RAG

Retrieval-augmented generation with pgvector — multi-tenant vector store + generic use cases for indexing, retrieval, and stats.

The @app/rag package wraps a pgvector table and the @app/ai embedding provider into four small use cases the rest of the codebase can call: EmbedAndStoreUseCase, RetrieveRelevantContextUseCase, DeleteEmbeddingsBySourceUseCase, GetEmbeddingStatsUseCase.

It is opt-in. The boilerplate ships with a stock postgres:16-alpine image; pgvector and the migration only matter if you actually use the package.

When to install

Install @app/rag when you want to:

Embed domain text (notes, descriptions, transcripts) and search it later by semantic similarity.
Inject "relevant context" snippets into an LLM prompt at turn time (classic RAG pattern — pairs cleanly with the assistant package).
Power an admin observability surface that shows per-org index size.
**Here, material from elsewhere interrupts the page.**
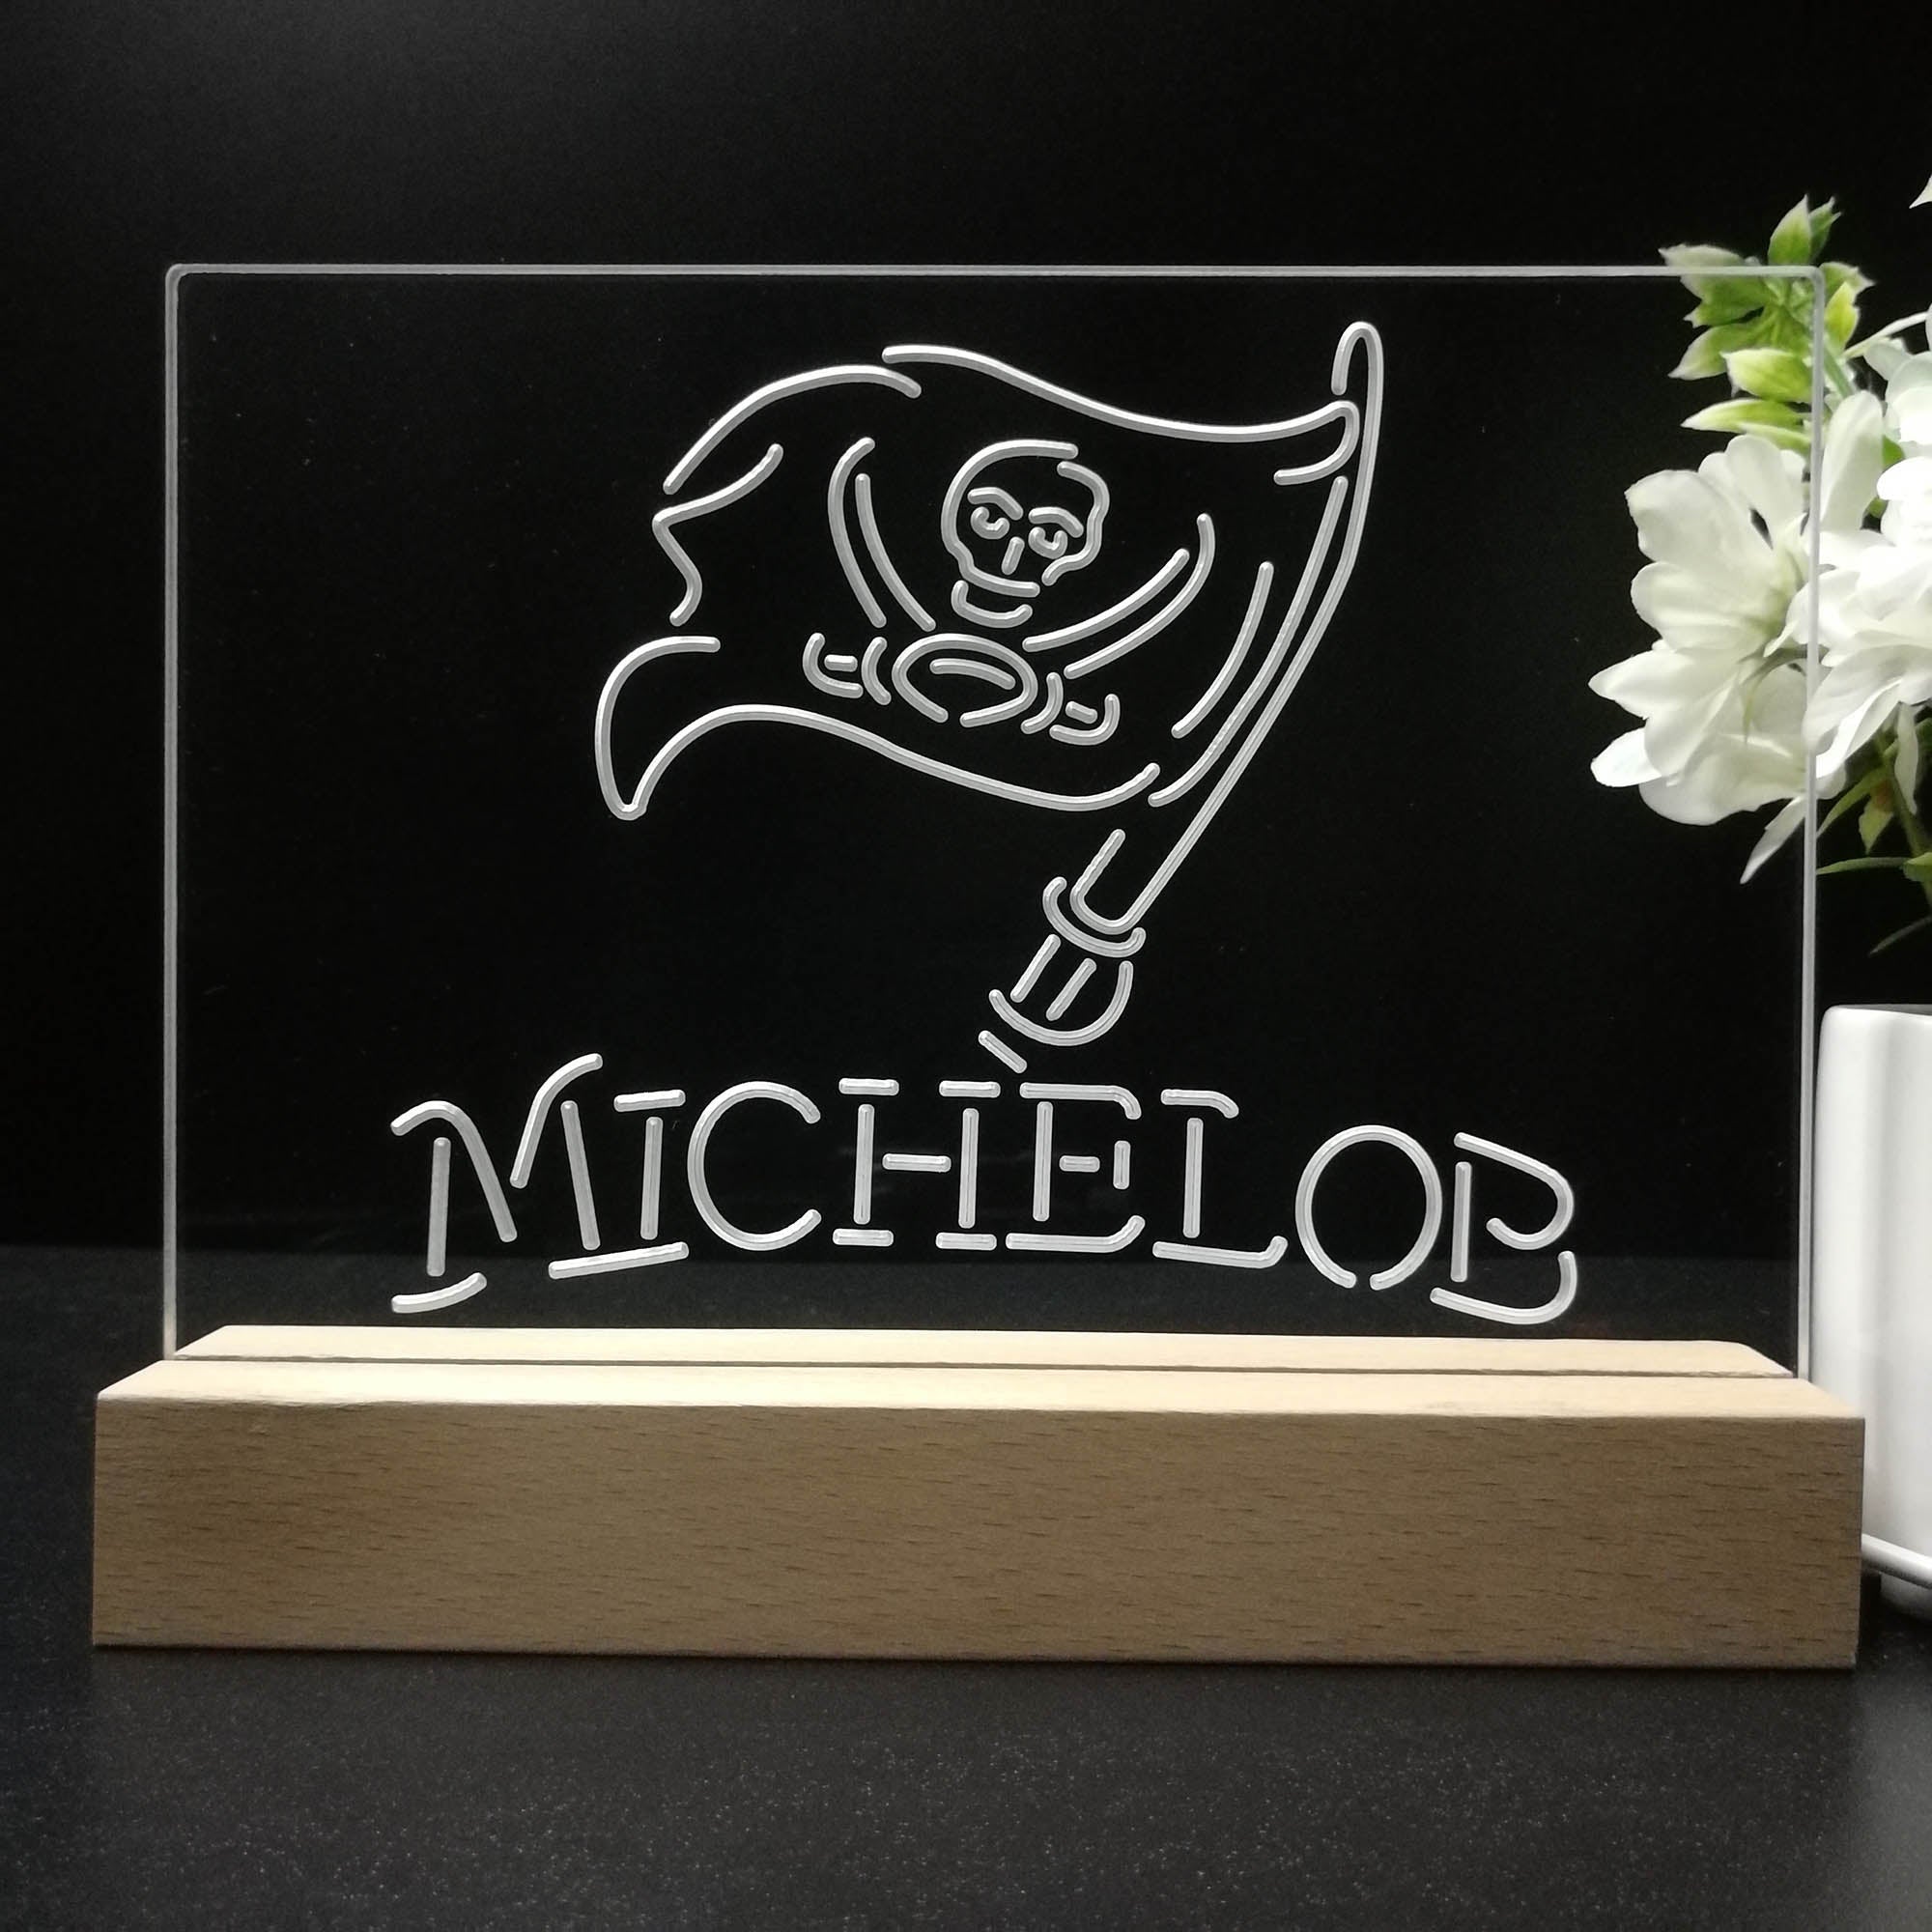 Michelob Bar Tampa Bay Buccaneers 3D Illusion Night Light Desk Lamp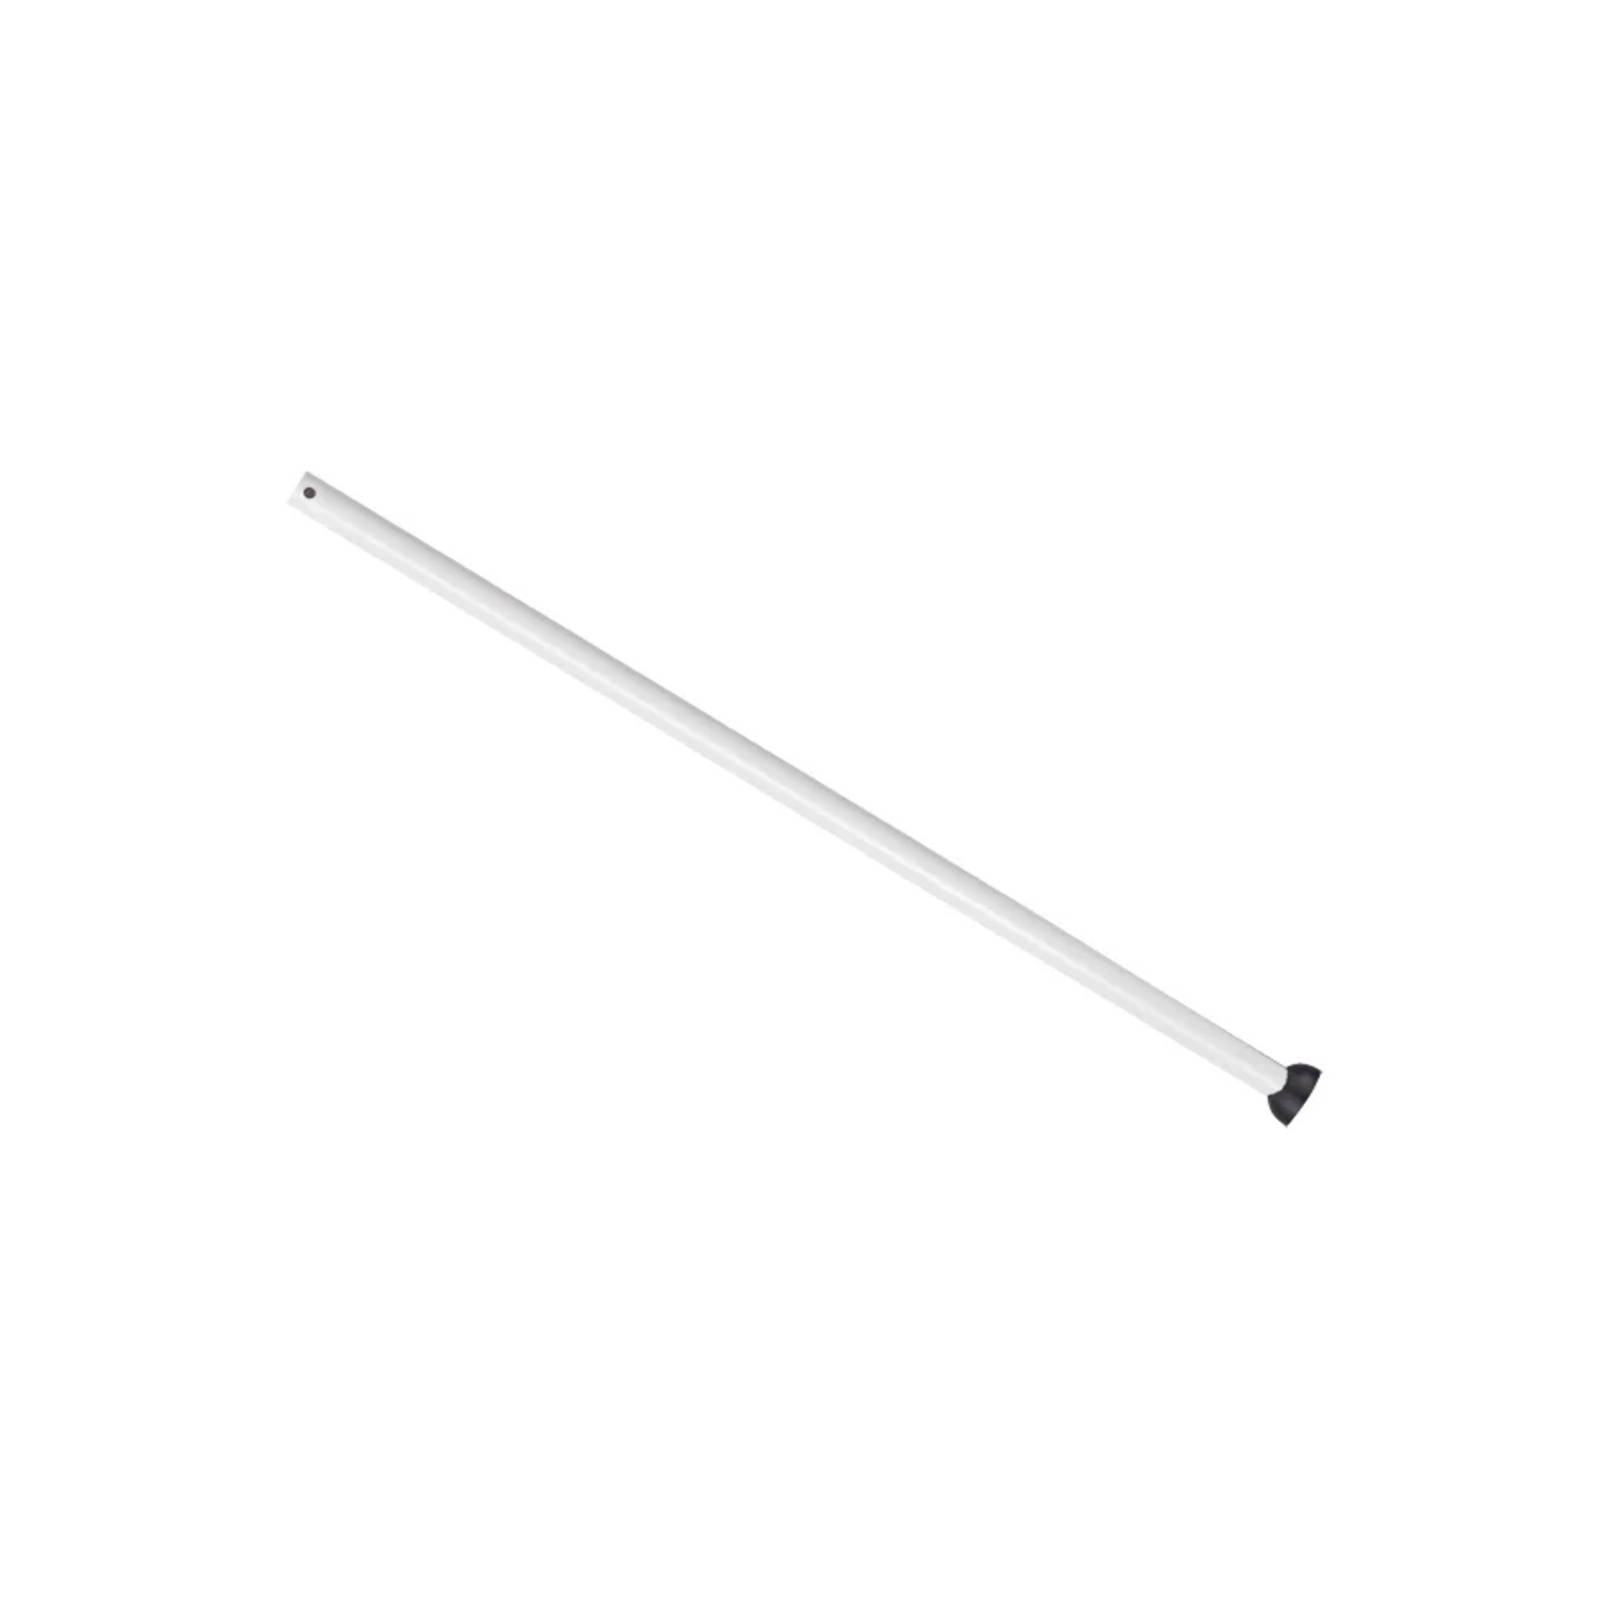 Extension rod for 210544 fans, 90 cm white

If you only need streaming chat completions, skip this — @app/ai is enough.

Switching to pgvector

In docker-compose.dev.yml, swap the Postgres image:

postgres:
  # image: postgres:16-alpine                  # default
  image: pgvector/pgvector:pg16                # required for @app/rag

The data directory is compatible — no volume reset needed.

Migration

Copy the reference SQL from packages/rag/prisma/migrations/0001_rag_init/ into your apps/server/prisma/migrations/ directory (with a fresh timestamp), then:

cd apps/server && bun prisma migrate dev

Add the matching Embedding model to schema.prisma — the snippet is in the package README.

Wiring example

import { OpenAiEmbeddingProvider } from '@app/ai';
import {
  PgvectorEmbeddingStore,
  EmbedAndStoreUseCase,
  RetrieveRelevantContextUseCase,
} from '@app/rag';

const embeddings = new OpenAiEmbeddingProvider({
  apiKey: env.OPENAI_API_KEY,
  model: 'text-embedding-3-small',
  expectedDimension: 1536,
});
const store = new PgvectorEmbeddingStore(prisma);

const indexer = new EmbedAndStoreUseCase(embeddings, store);
await indexer.execute({
  organizationId: 'org_123',
  sourceType: 'note',
  sourceId: 'note_42',
  snippet: 'Quarterly review with Acme Corp scheduled for May 12.',
});

const retriever = new RetrieveRelevantContextUseCase(embeddings, store);
const hits = await retriever.execute({
  organizationId: 'org_123',
  query: 'what meetings do I have with Acme?',
  topK: 5,
});

Multi-tenant safety

organizationId is required on every read and write. The pgvector store filters by it on every SELECT. Add an integration test on the consumer side that inserts overlapping rows across two orgs and asserts no leakage — the package can't enforce this without your DB, so it's your contract to keep.

Vector dimension

The migration ships vector(1536) to match text-embedding-3-small. To use a larger model (e.g. text-embedding-3-large → 3072), edit the migration column width, recreate the IVFFlat index, and pass { dimension: 3072 } to the store + expectedDimension: 3072 to the embedding provider so a future model swap fails loud rather than corrupting the index.

Listener pattern

Pair EmbedAndStoreUseCase with your domain events to keep the index fresh. When a note/task/etc. is created or updated, build a snippet string and call indexer.execute(...). When it's deleted, call DeleteEmbeddingsBySourceUseCase so stale rows don't keep showing up in search.

The assistant package (coming next) provides a generator for these listeners.